A plot of the total health impact shows that tornadoes result in the greatest number of fatalities and injuries combined. However, Table 1 shows that whilst tornadoes generate significantly more injuries than any other severe weather event, excessive heat contributes the highest number of fatalities. When considering mitigation action plans policy makers should consider whether resources should focus on reducing deaths or overall harm.

library(ggplot2)
ggplot(health, aes(x=EVTYPE, y=Total))+
                geom_point(aes(reorder(EVTYPE, Total)), size=4, color="red") +
        coord_flip() +
        ylab("Total population harm") +
        xlab("")
Figure  1: A table of the top 10 weather events most harmful with respect to population health. Measured by the total combined number of fatalities and injuries

Figure 1: A table of the top 10 weather events most harmful with respect to population health. Measured by the total combined number of fatalities and injuries

A plot of the total economic cost shows that floods result in the greatest cost in combined property and crop damage. However, Table 2 shows that whilst floods generate significantly more property damage than any other severe weather event, drought contributes the highest value for crop damage. This would need to be taken into account when designing mitigation action plans.
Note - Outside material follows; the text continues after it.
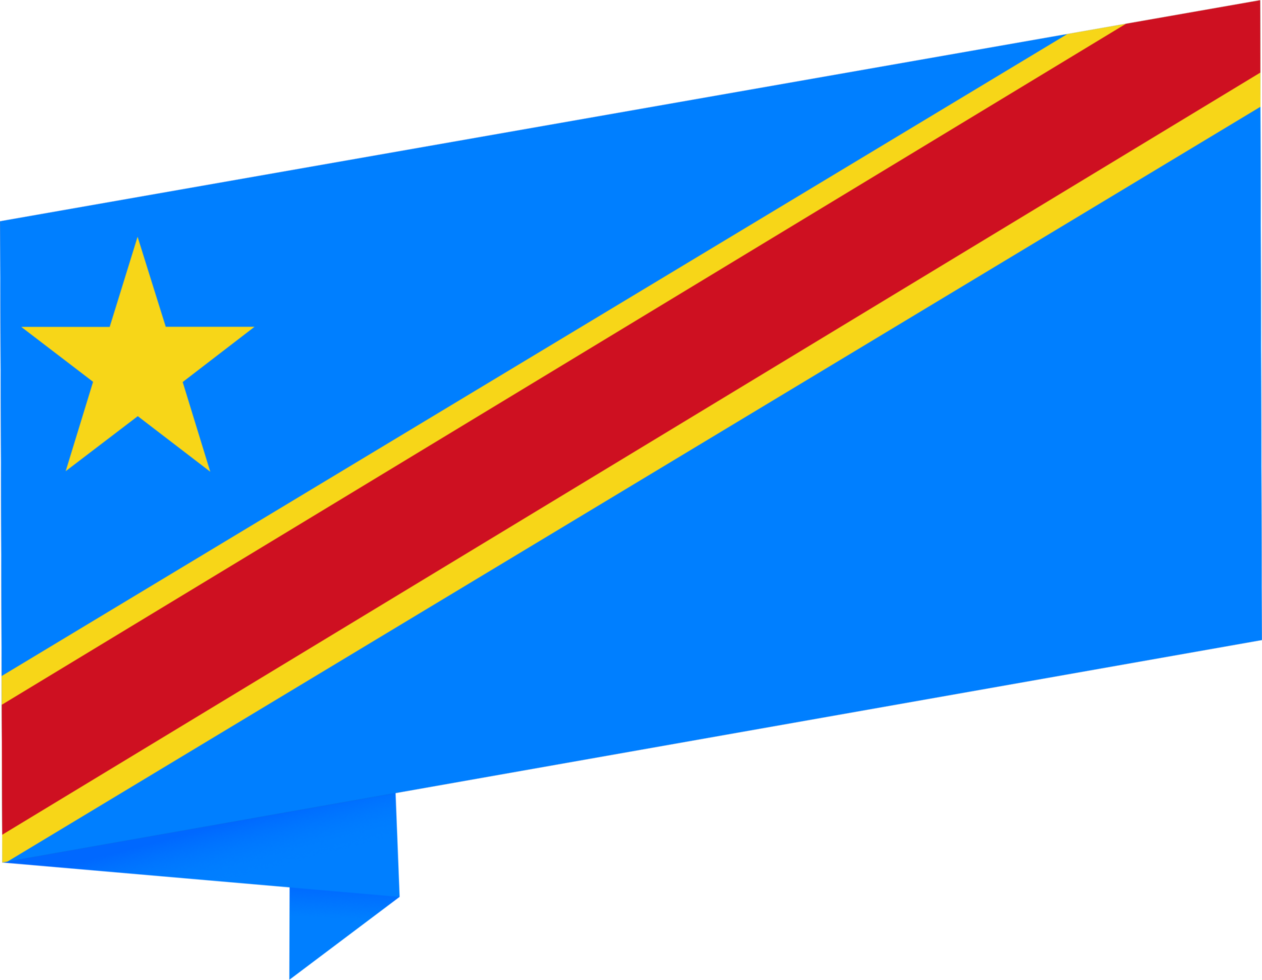 democrático república do a Congo bandeira onda isolado em png ou transparente fundo
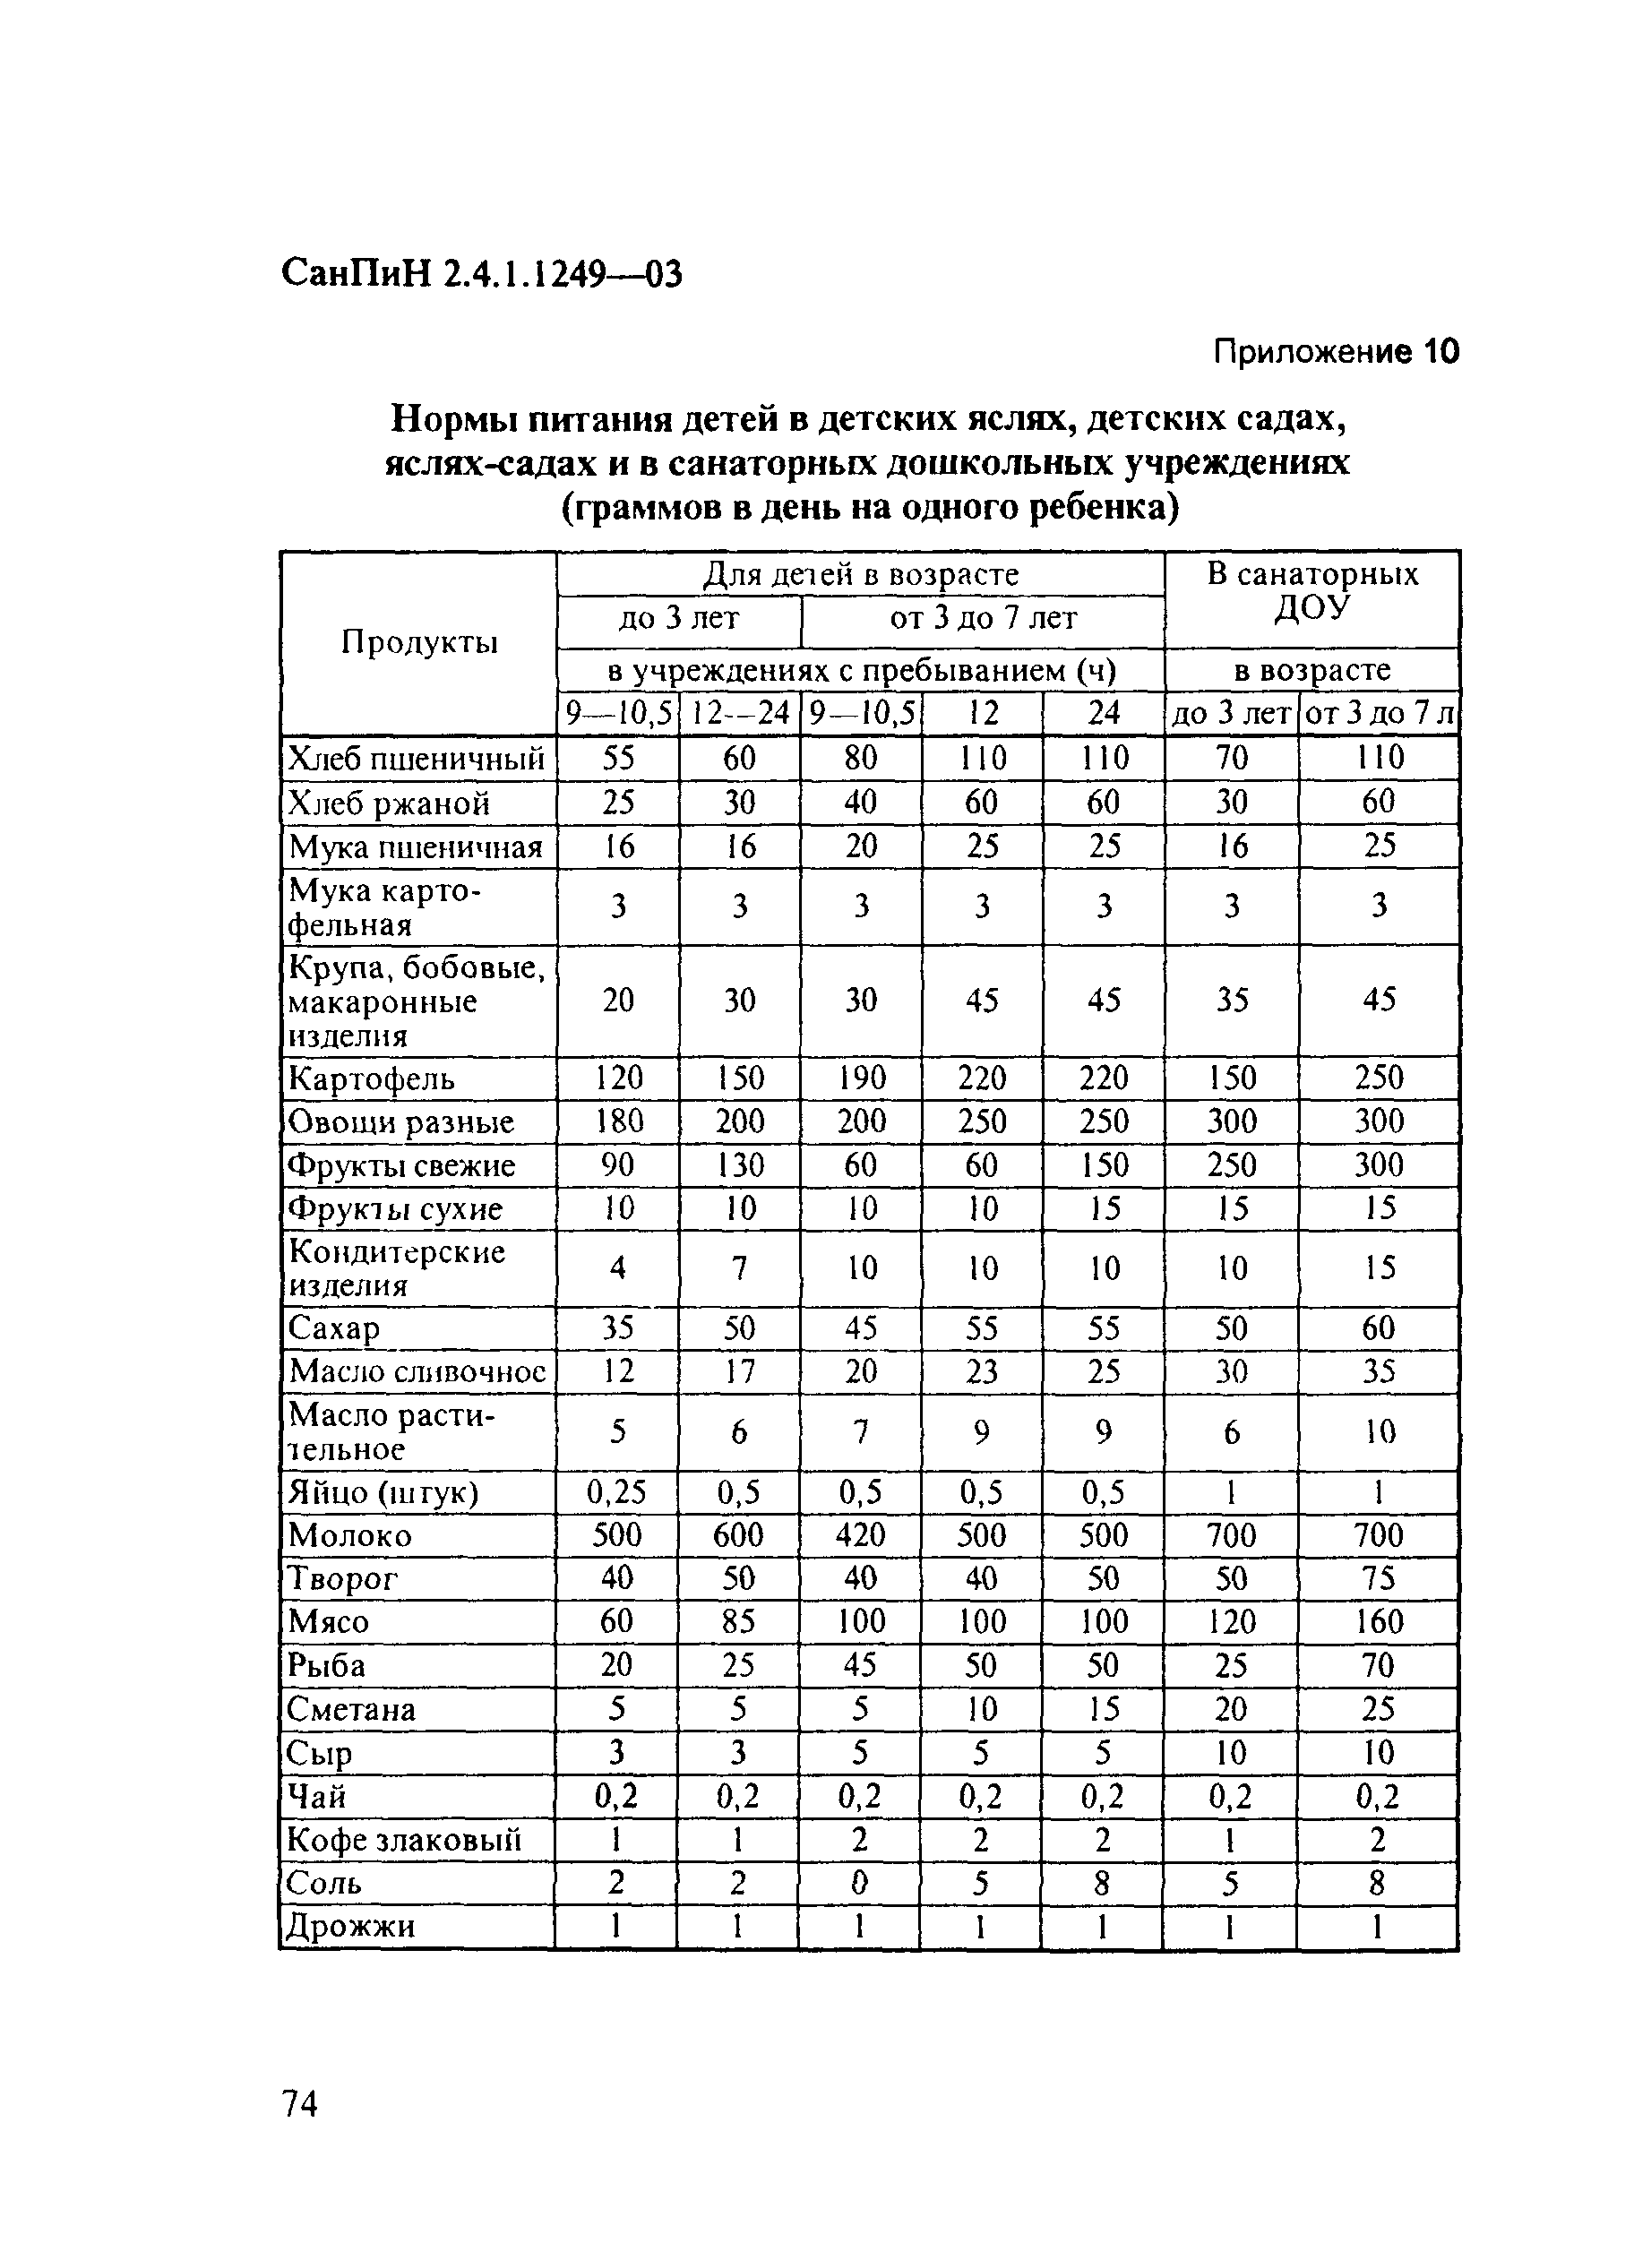 Нормы в детском саду по новому САНПИН 2021 таблица

ggplot(economy, aes(x=EVTYPE, y=Total))+
        geom_point(aes(reorder(EVTYPE, Total)), size=4, color="blue") +
        coord_flip() +
        ylab("Total economic cost ($B)") +
        xlab("")
Figure  2: A table of the top 10 weather events with the greatest economic consequences. Measured by the total combined property and crop damage costs (in $B)

Figure 2: A table of the top 10 weather events with the greatest economic consequences. Measured by the total combined property and crop damage costs (in $B)

Further detailed analysis should consider resolving the errors in event type recording and further examination of the impact of specific extreme events as potential outliers, for example the tornado super outbreak in 2011, the July 1999 heat wave in the Midwest, and the October 1998 Central Texas floods are observable in the dataset.